• **WORK REQUIRED**
Write the full listing out again, word for word, but omit the pictures.

• **DATA BLOCK**
BEGIN

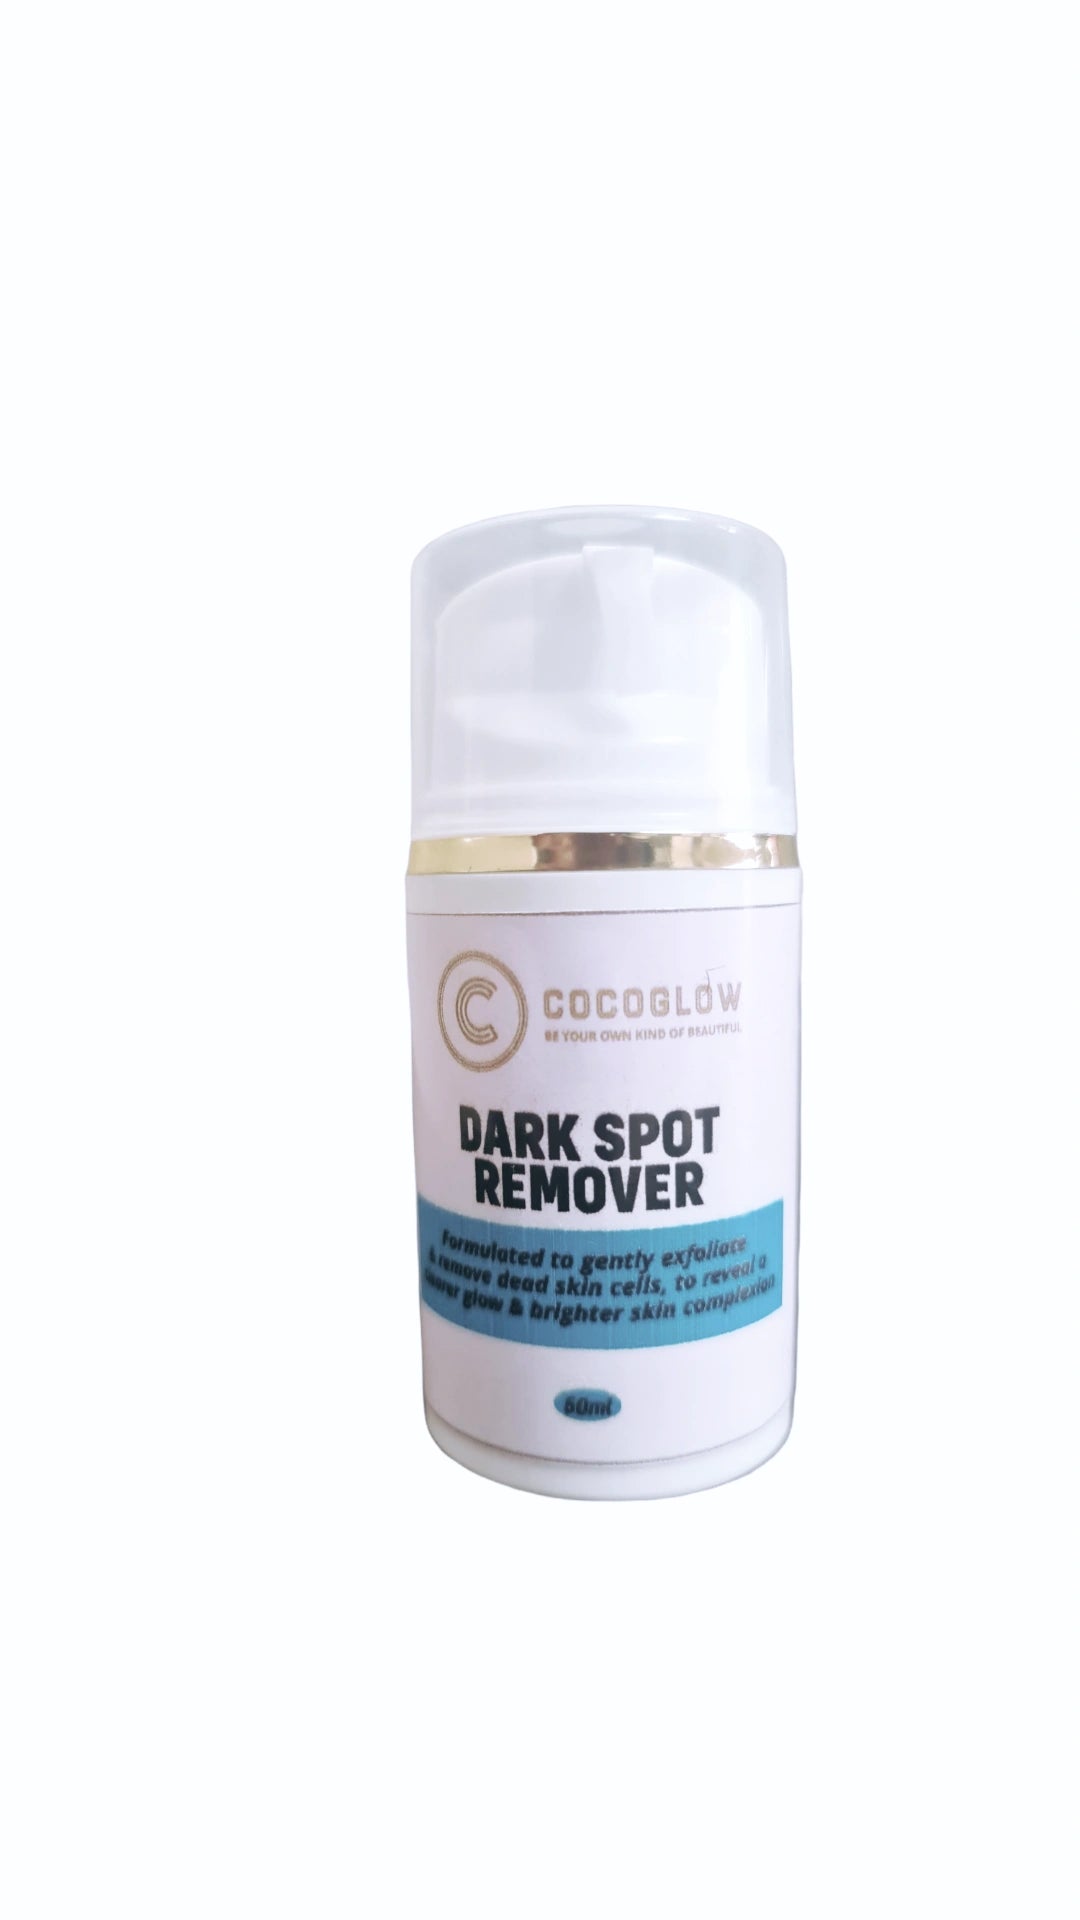 Dark spot remover cream
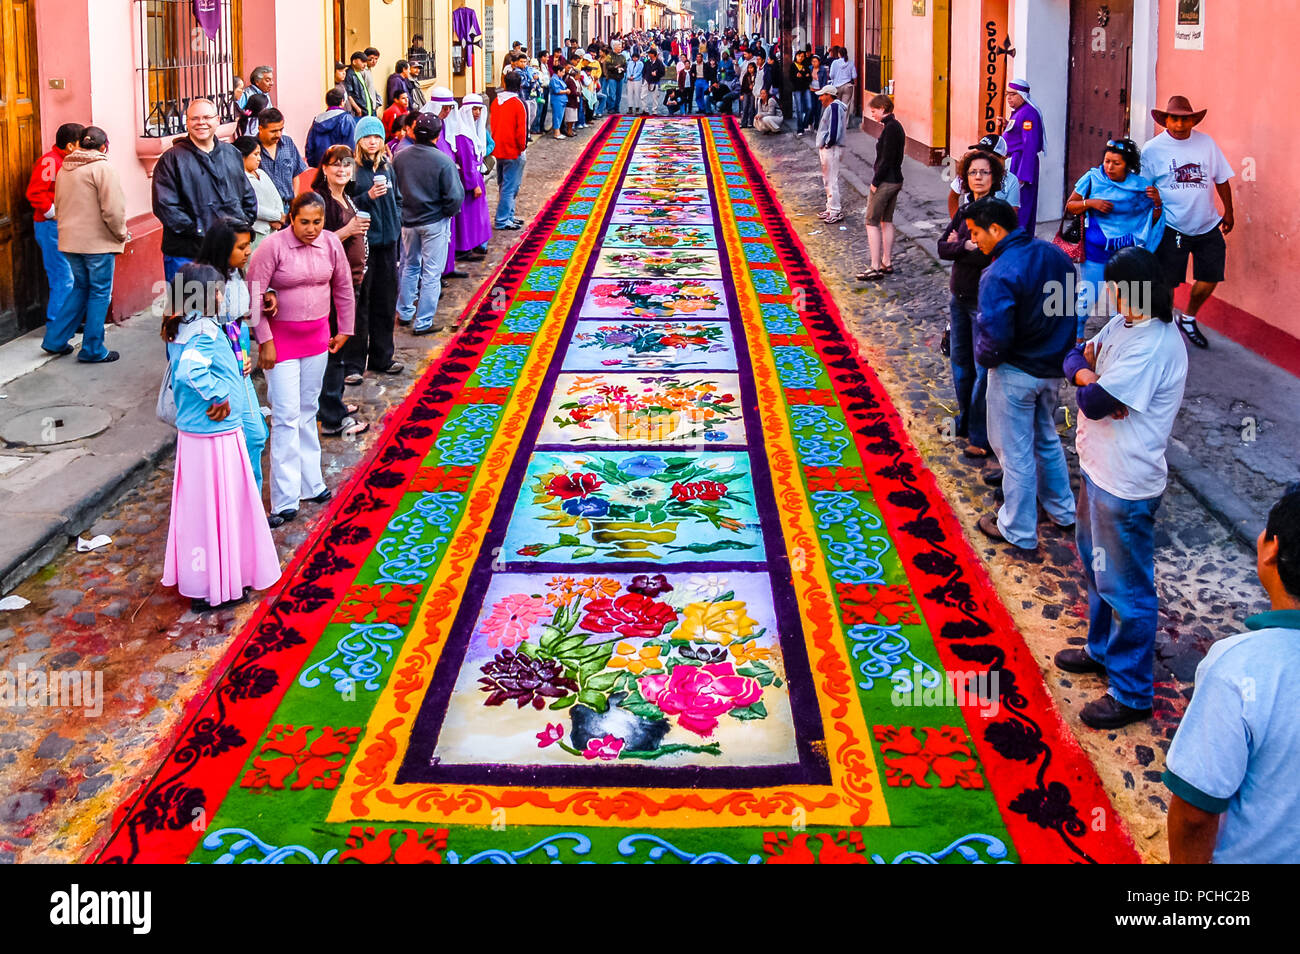 Antigua, Guatemala - April 10, 2009: Karfreitagsprozession Teppich in der kolonialen Stadt mit dem berühmtesten Feierlichkeiten zur Karwoche in Lateinamerika. Stockfoto
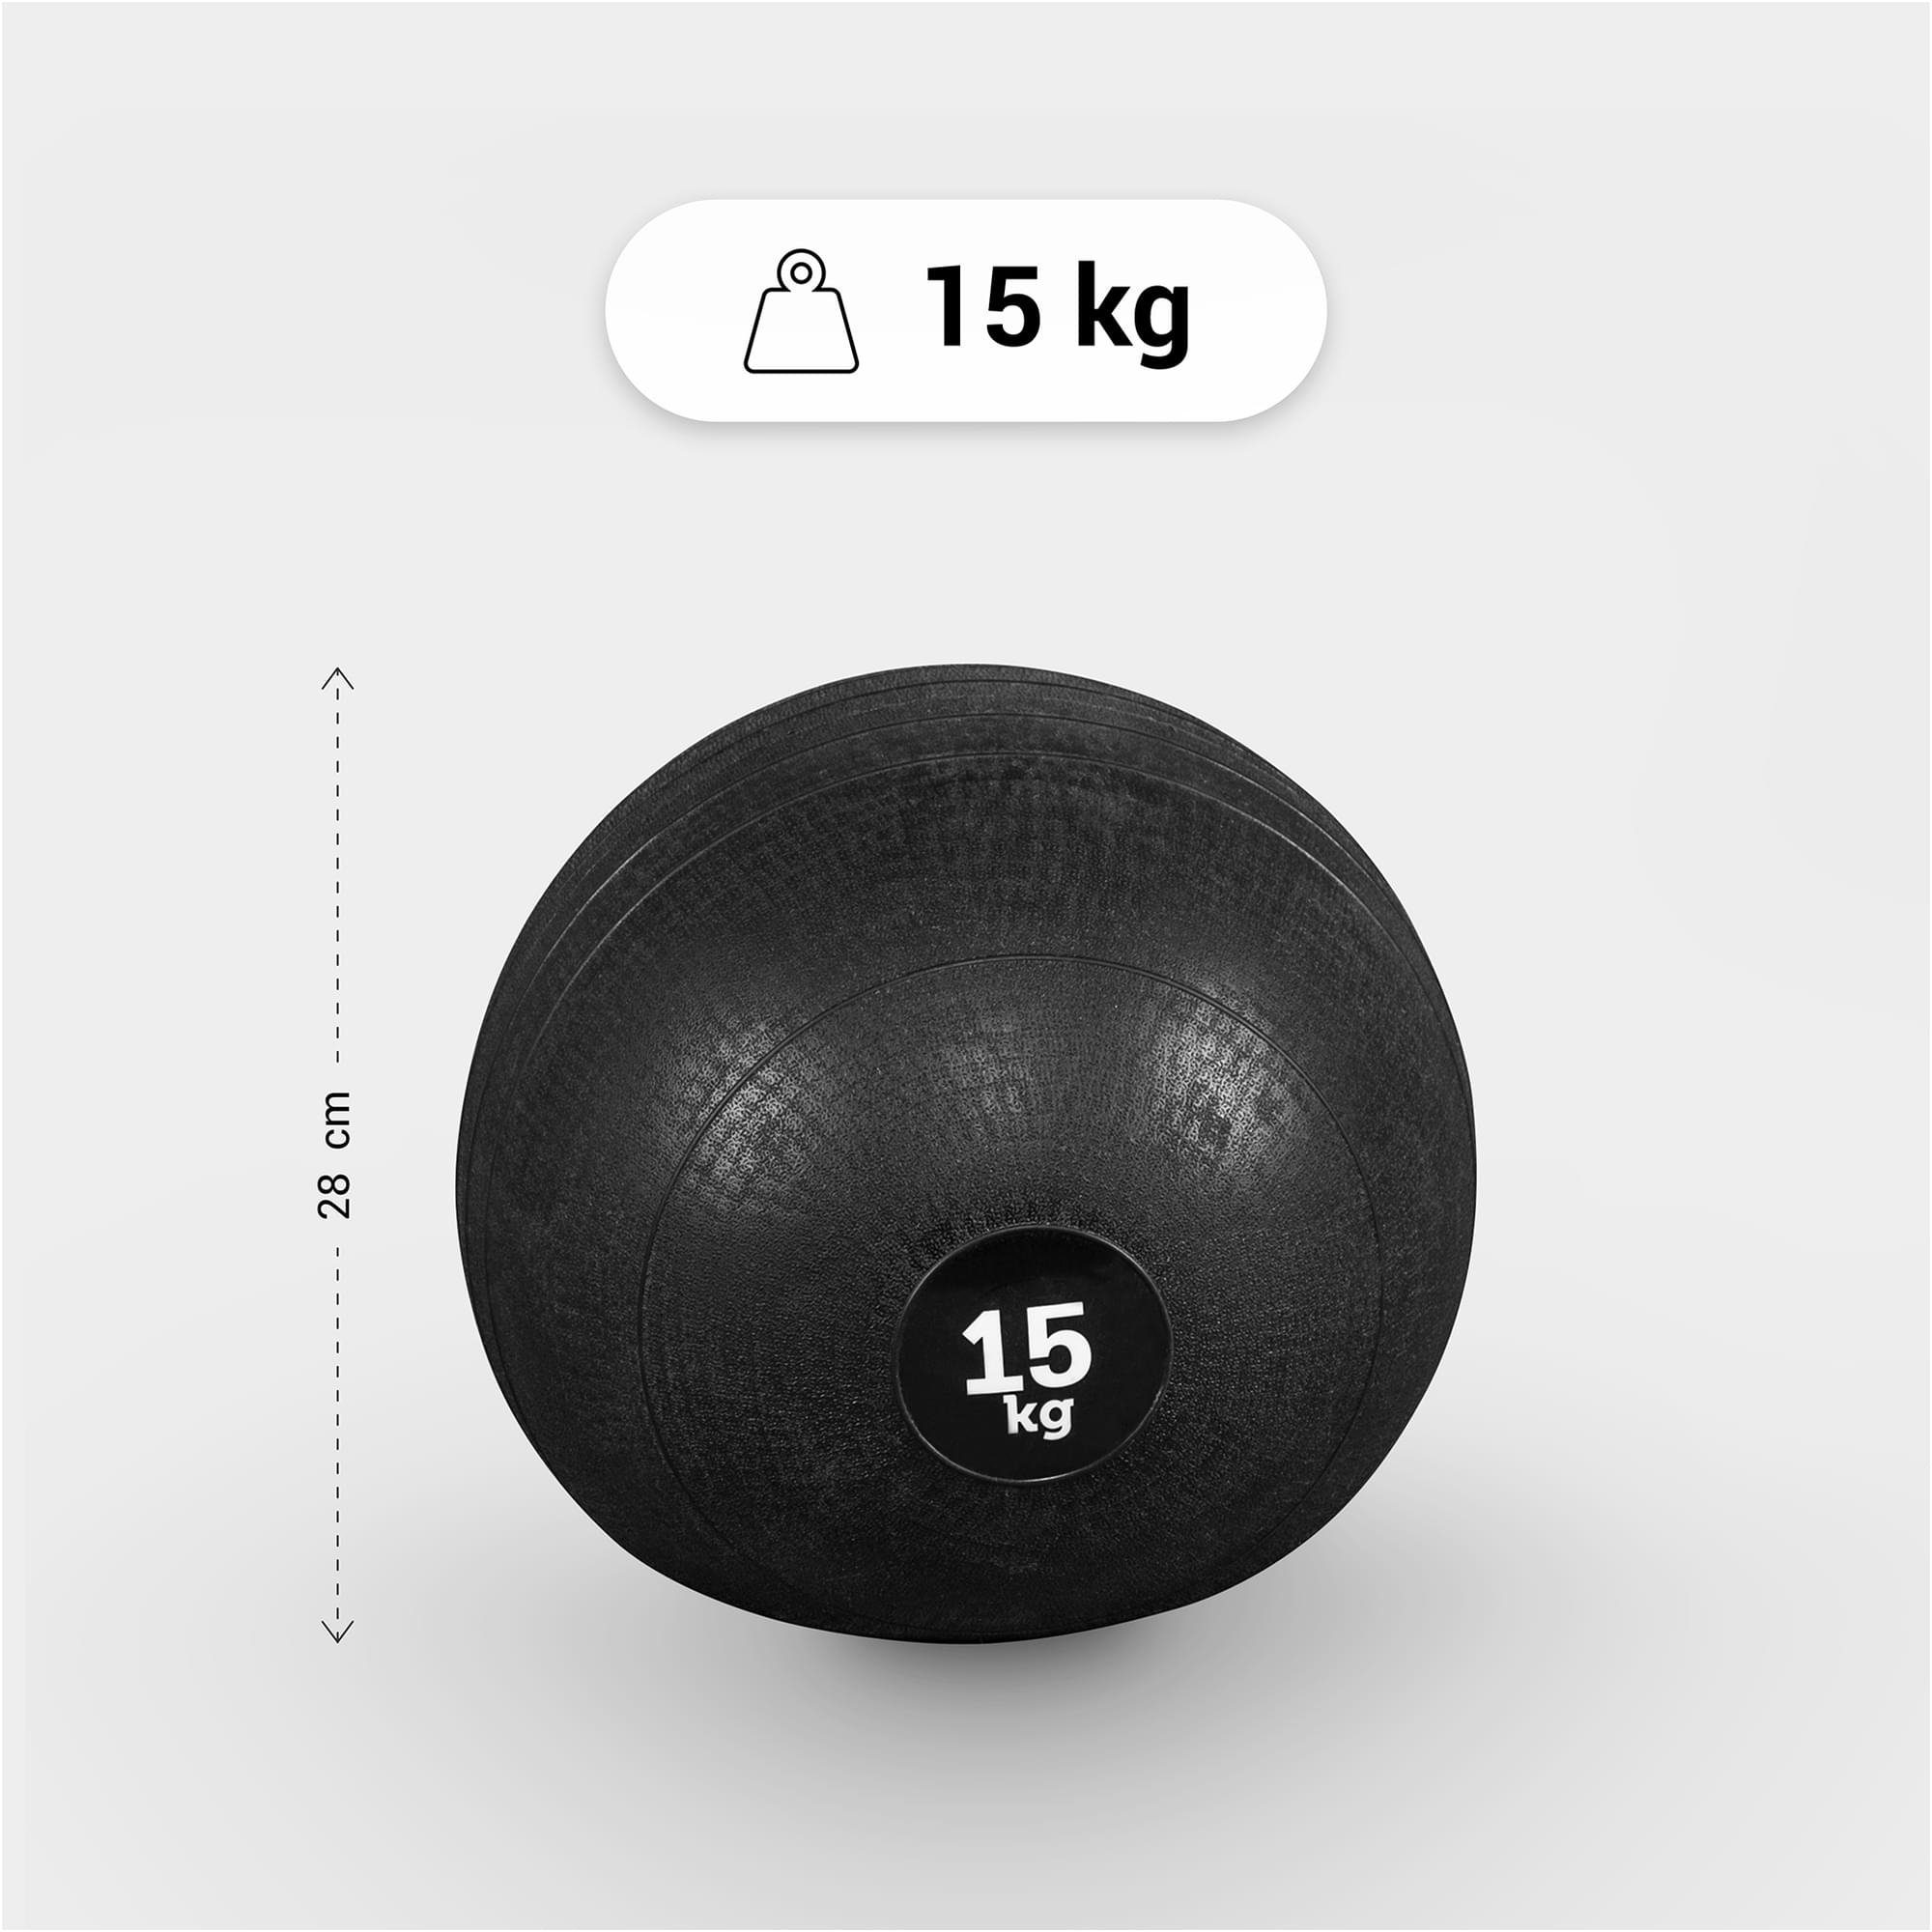 Medizinball SPORTS 10kg, Oberfläche Einzeln/Set, GORILLA 7kg, 25kg 15kg, 3kg, mit 20kg, Set 5kg, Griffiger

END

• **EXPECTED OUTPUT**
 Dark spot remover cream
 Antigua, Guatemala - April 10, 2009: Karfreitagsprozession Teppich in der kolonialen Stadt mit dem berühmtesten Feierlichkeiten zur Karwoche in Lateinamerika. Stockfoto
 Medizinball SPORTS 10kg, Oberfläche Einzeln/Set, GORILLA 7kg, 25kg 15kg, 3kg, mit 20kg, Set 5kg, Griffiger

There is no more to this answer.